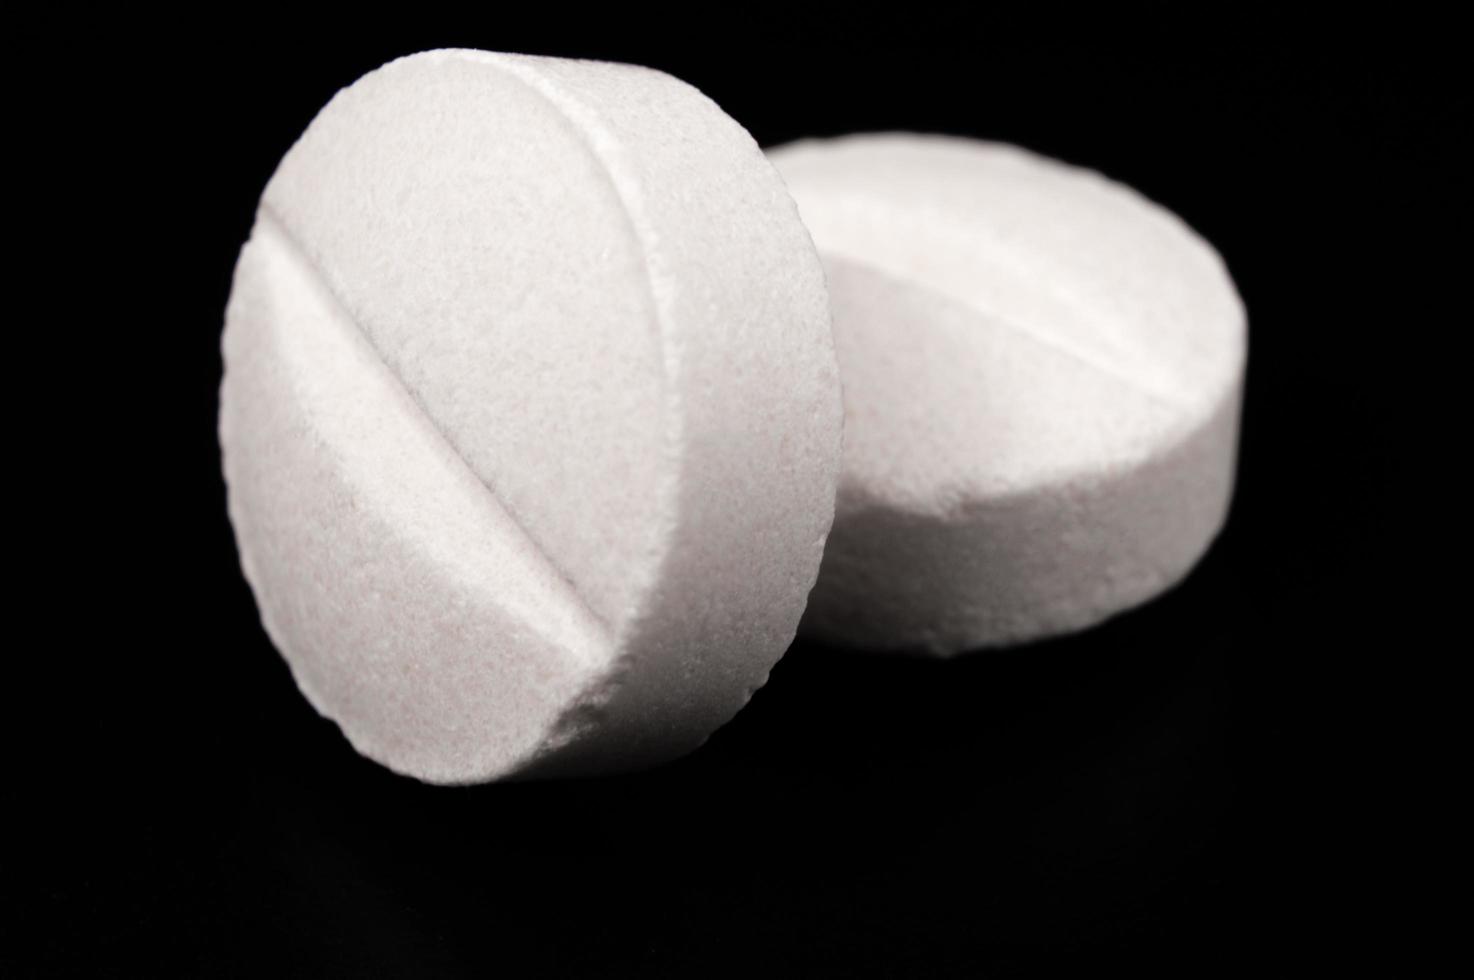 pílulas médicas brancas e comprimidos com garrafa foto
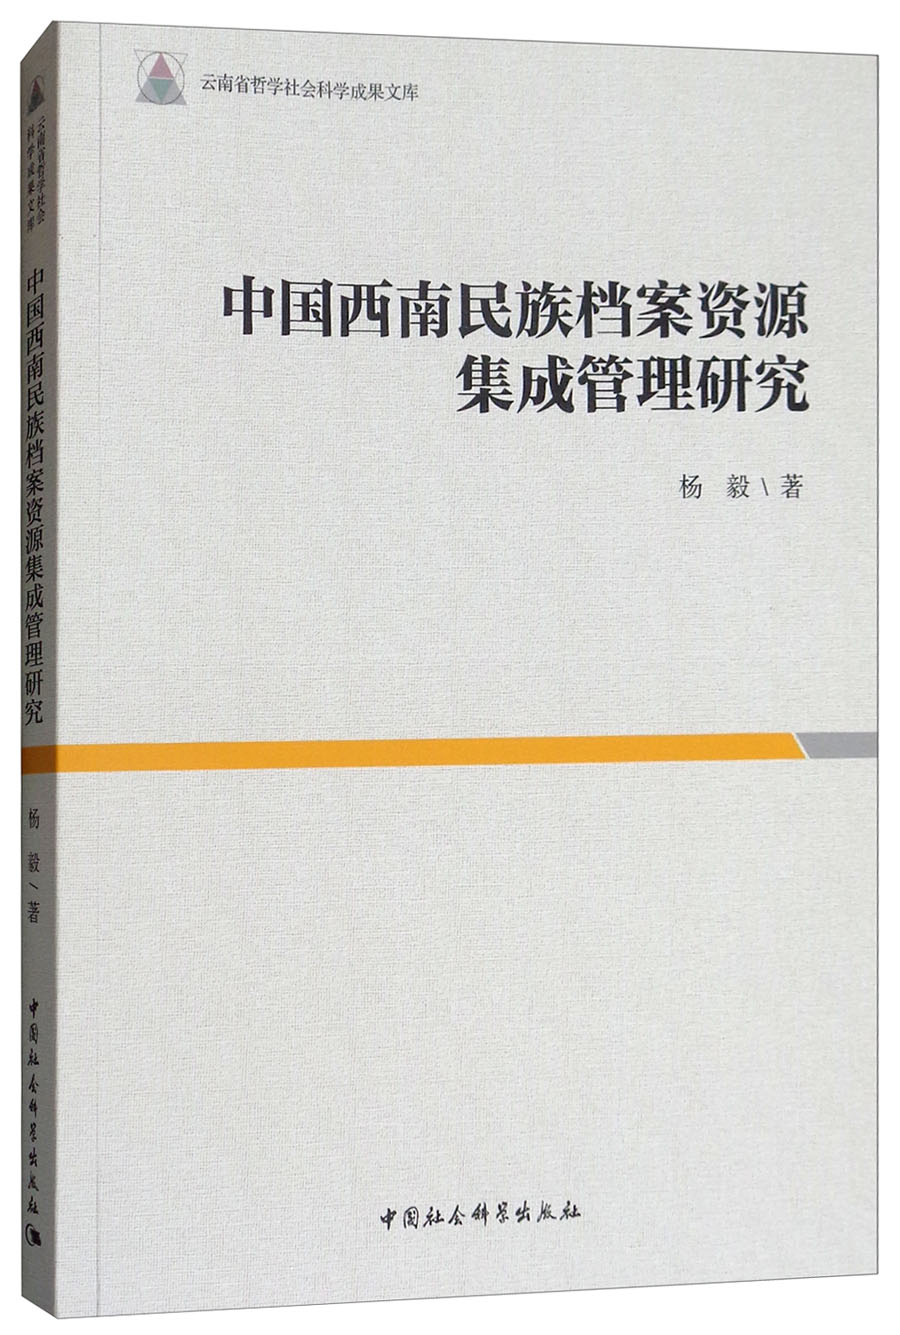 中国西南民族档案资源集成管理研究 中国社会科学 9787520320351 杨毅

________________________________________

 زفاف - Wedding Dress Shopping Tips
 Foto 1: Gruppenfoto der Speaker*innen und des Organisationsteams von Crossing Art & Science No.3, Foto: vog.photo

________________________________________

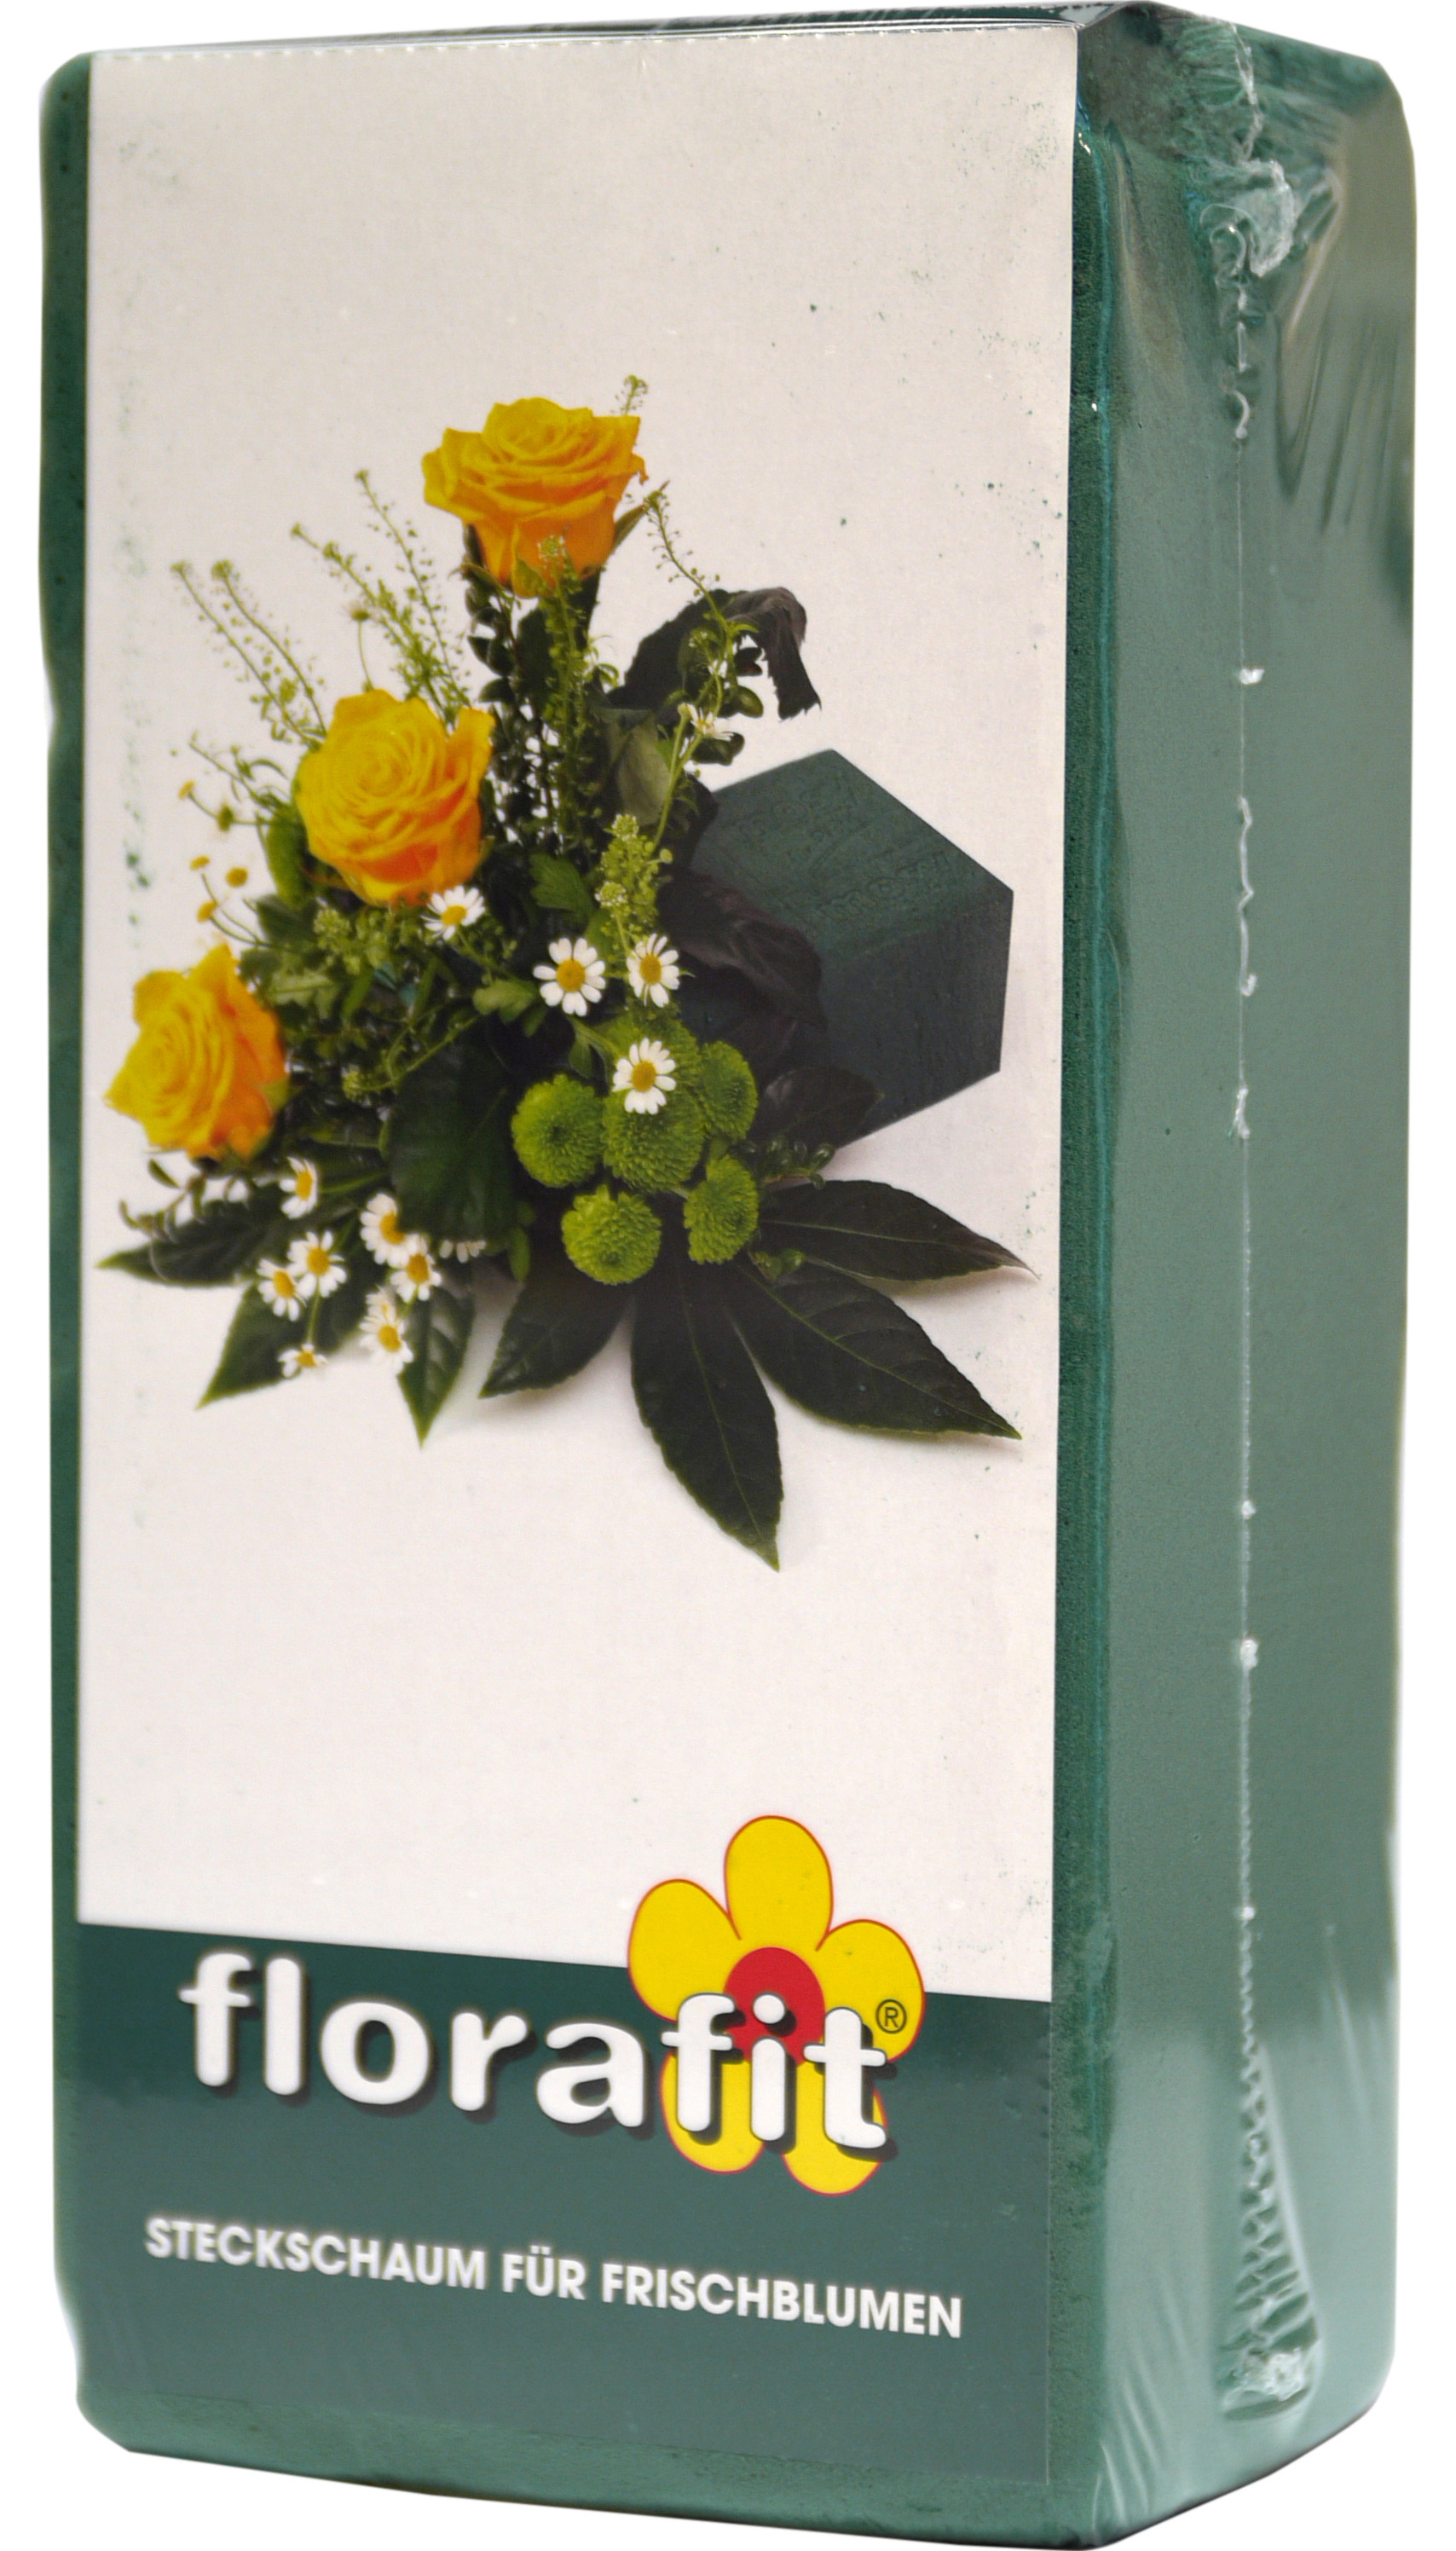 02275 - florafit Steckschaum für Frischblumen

________________________________________

— GOAL OF THE EXERCISE —
Exactly the lines above, from the one containing "pílulas médicas brancas" down to the one containing "中国西南民族档案资源集成管理研究 中国社会科学 9787520320351 杨毅", are to be repeated, including both ends. Pictures are not part of the copy.

— ANSWER TO THE EXERCISE —
 pílulas médicas brancas e comprimidos com garrafa foto
 中国西南民族档案资源集成管理研究 中国社会科学 9787520320351 杨毅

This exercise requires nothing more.